* _Your objective_
The output should match, line for line, the records from the line containing "Prada Leather Backpack" through the line containing "NFTM (v1) Unisex", with every picture left out.

* _Extracted material_
····················
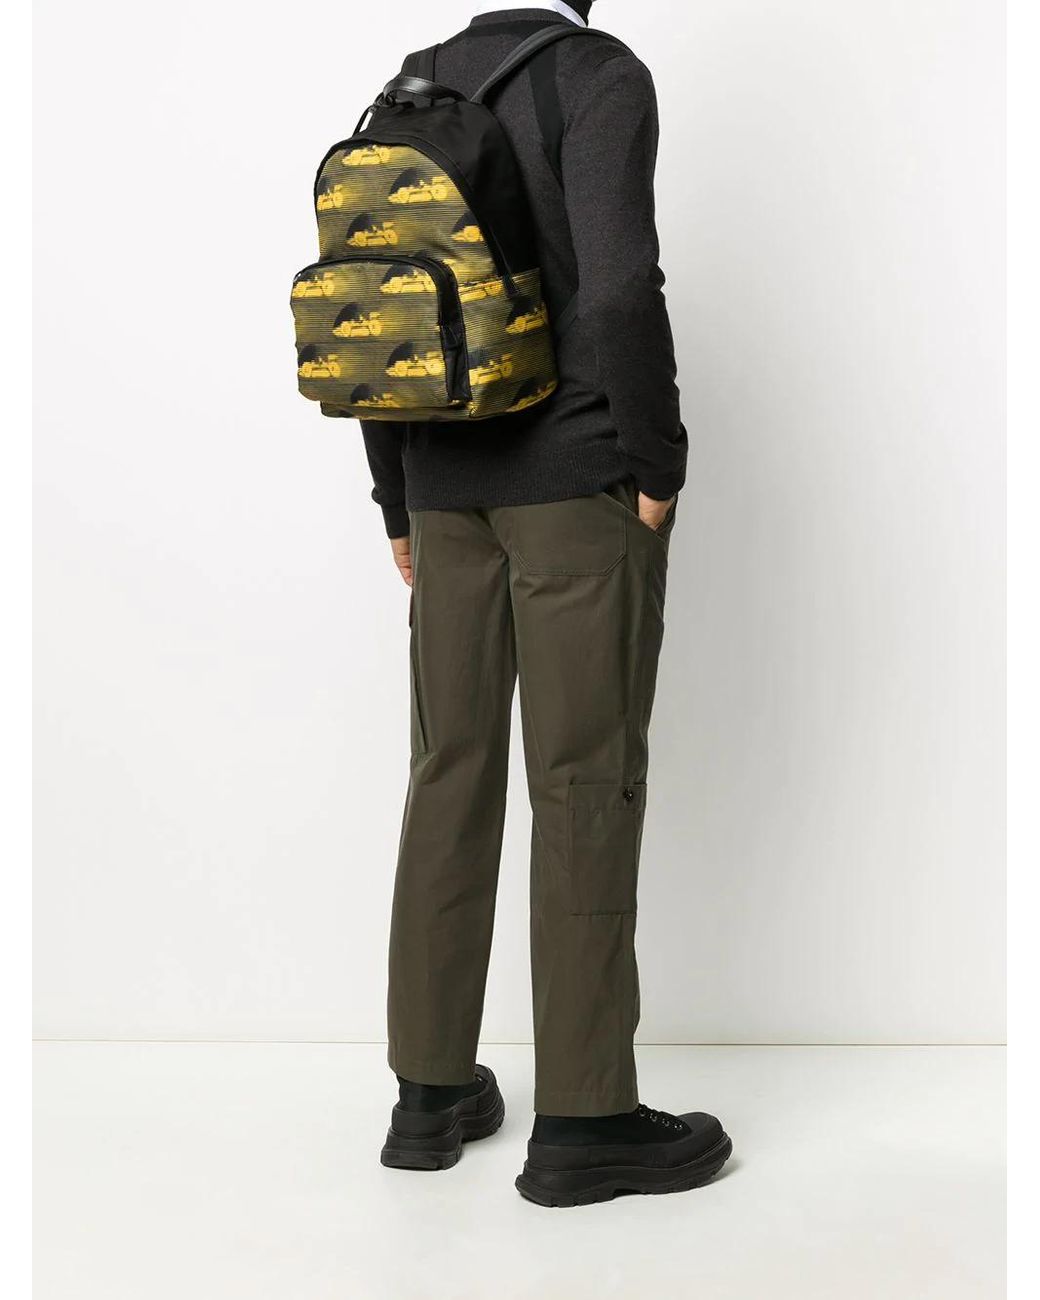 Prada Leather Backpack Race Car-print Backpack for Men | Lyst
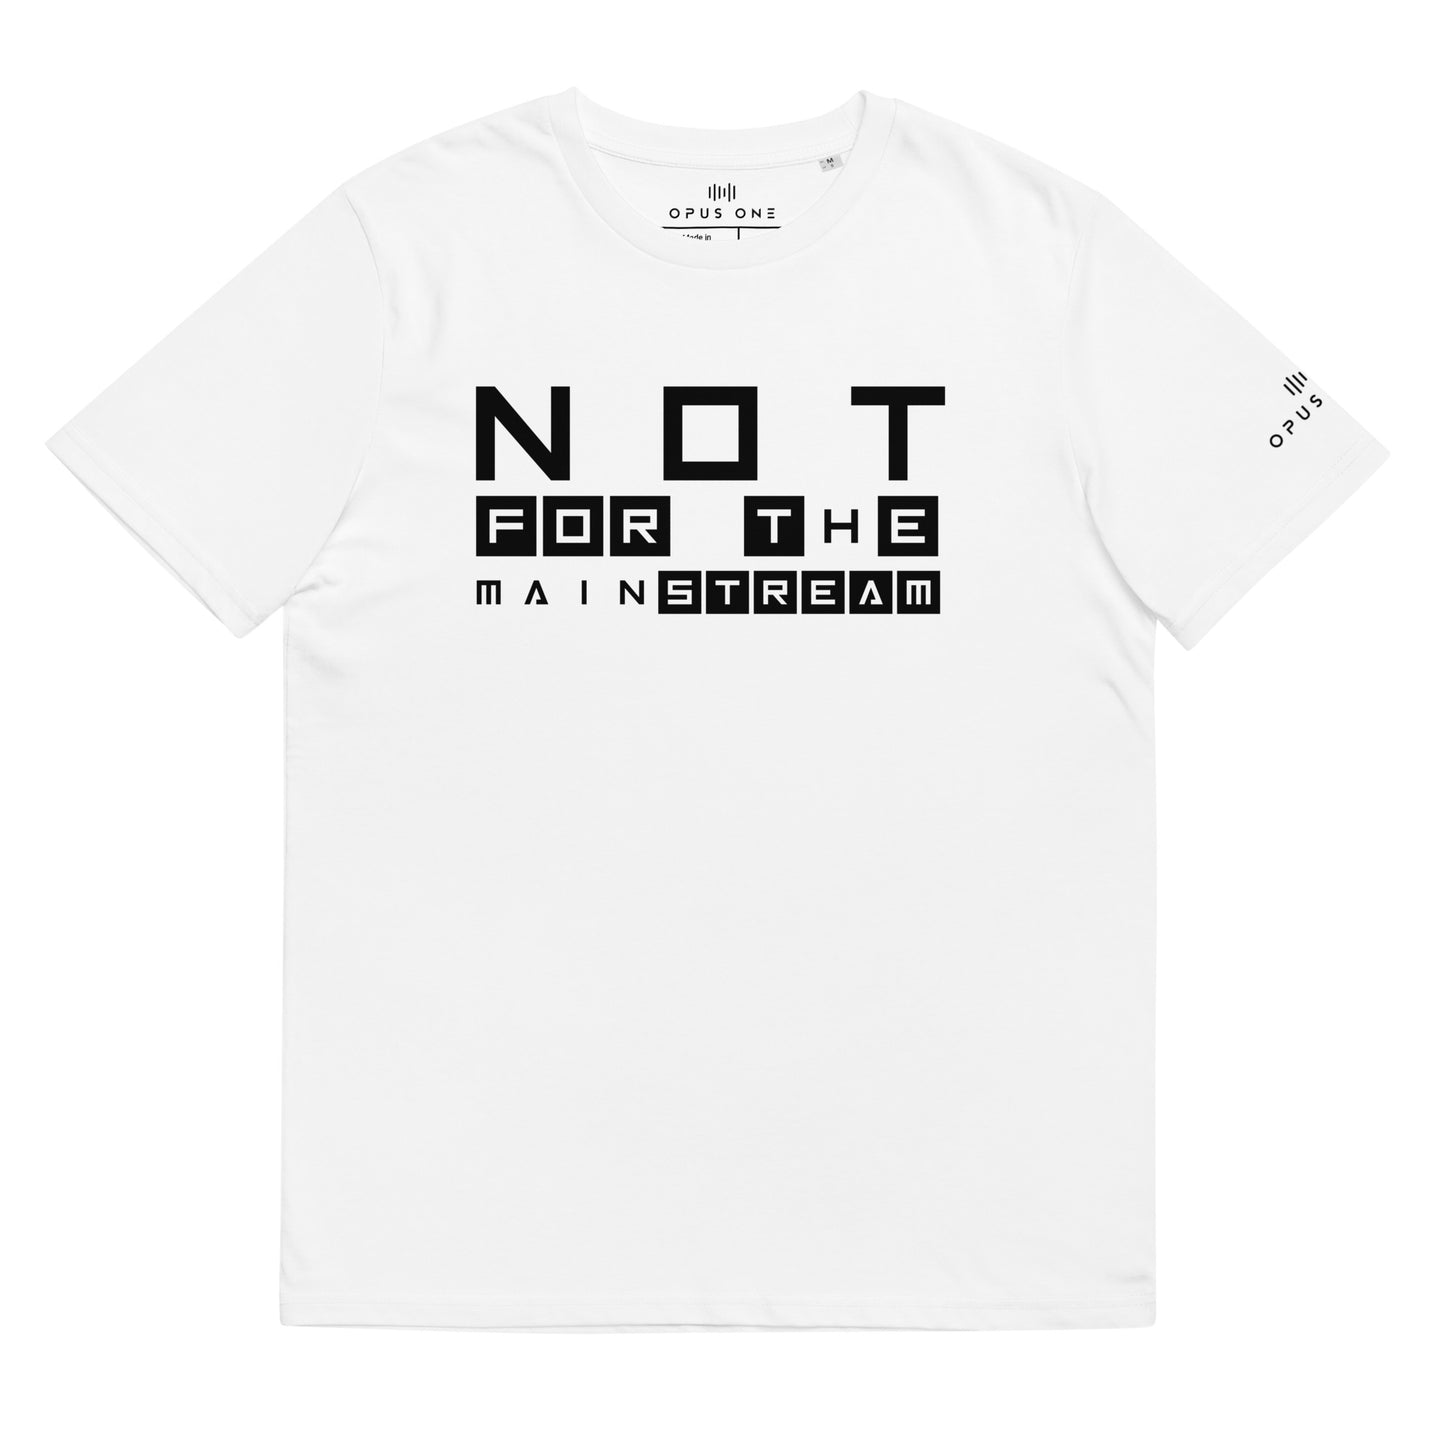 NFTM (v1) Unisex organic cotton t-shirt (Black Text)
····················
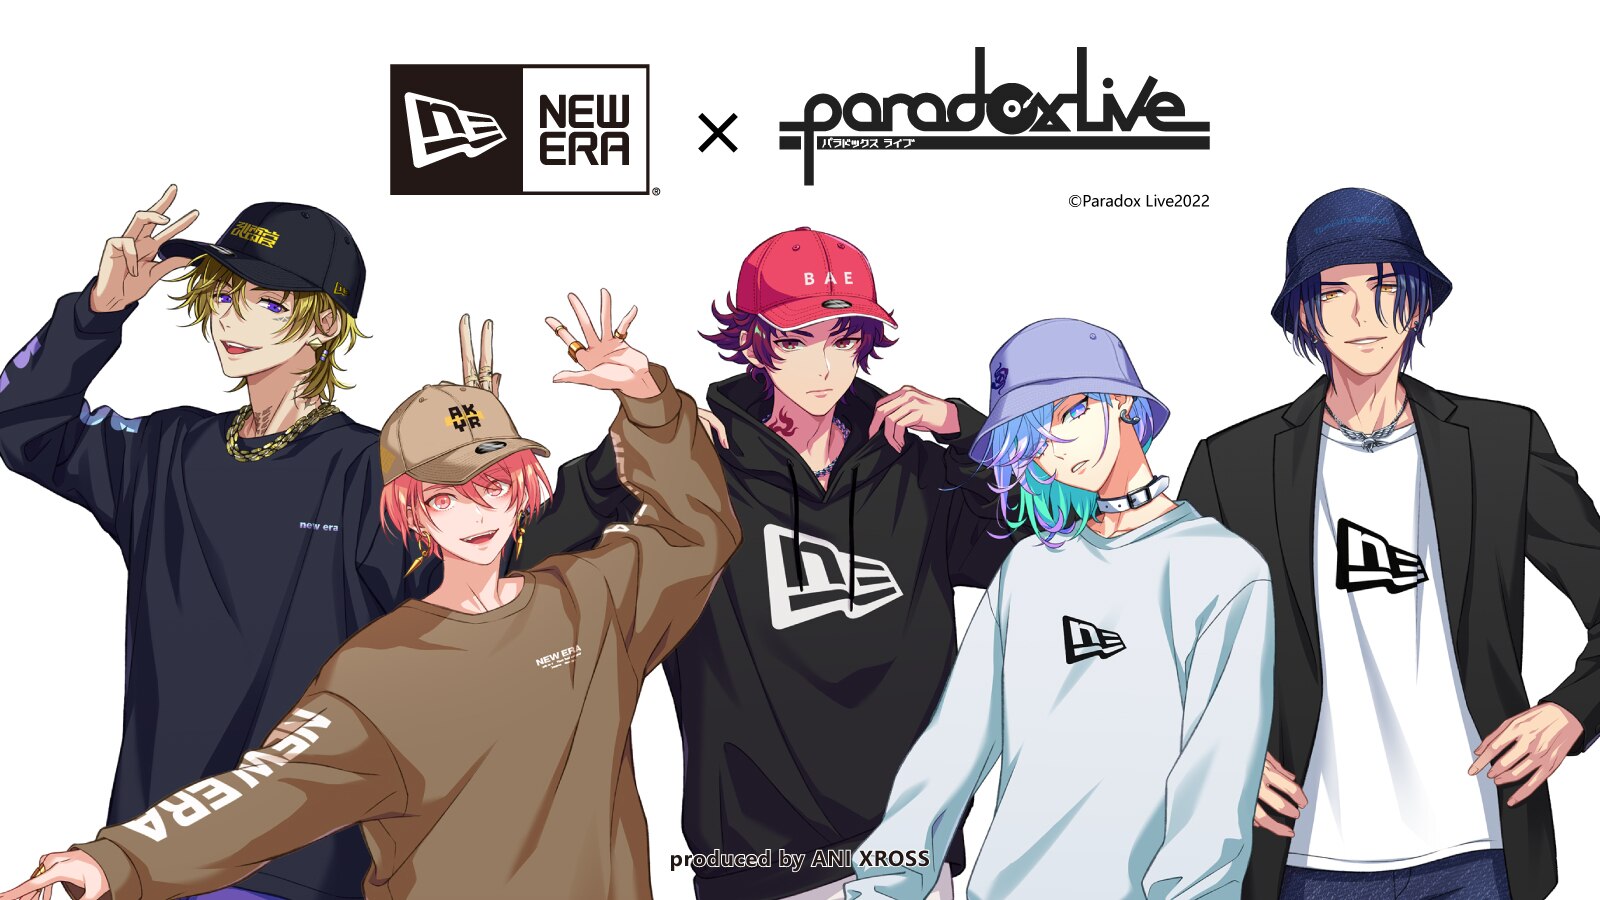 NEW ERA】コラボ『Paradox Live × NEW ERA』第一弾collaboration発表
····················
* _Task solution_
 Prada Leather Backpack Race Car-print Backpack for Men | Lyst
 NFTM (v1) Unisex organic cotton t-shirt (Black Text)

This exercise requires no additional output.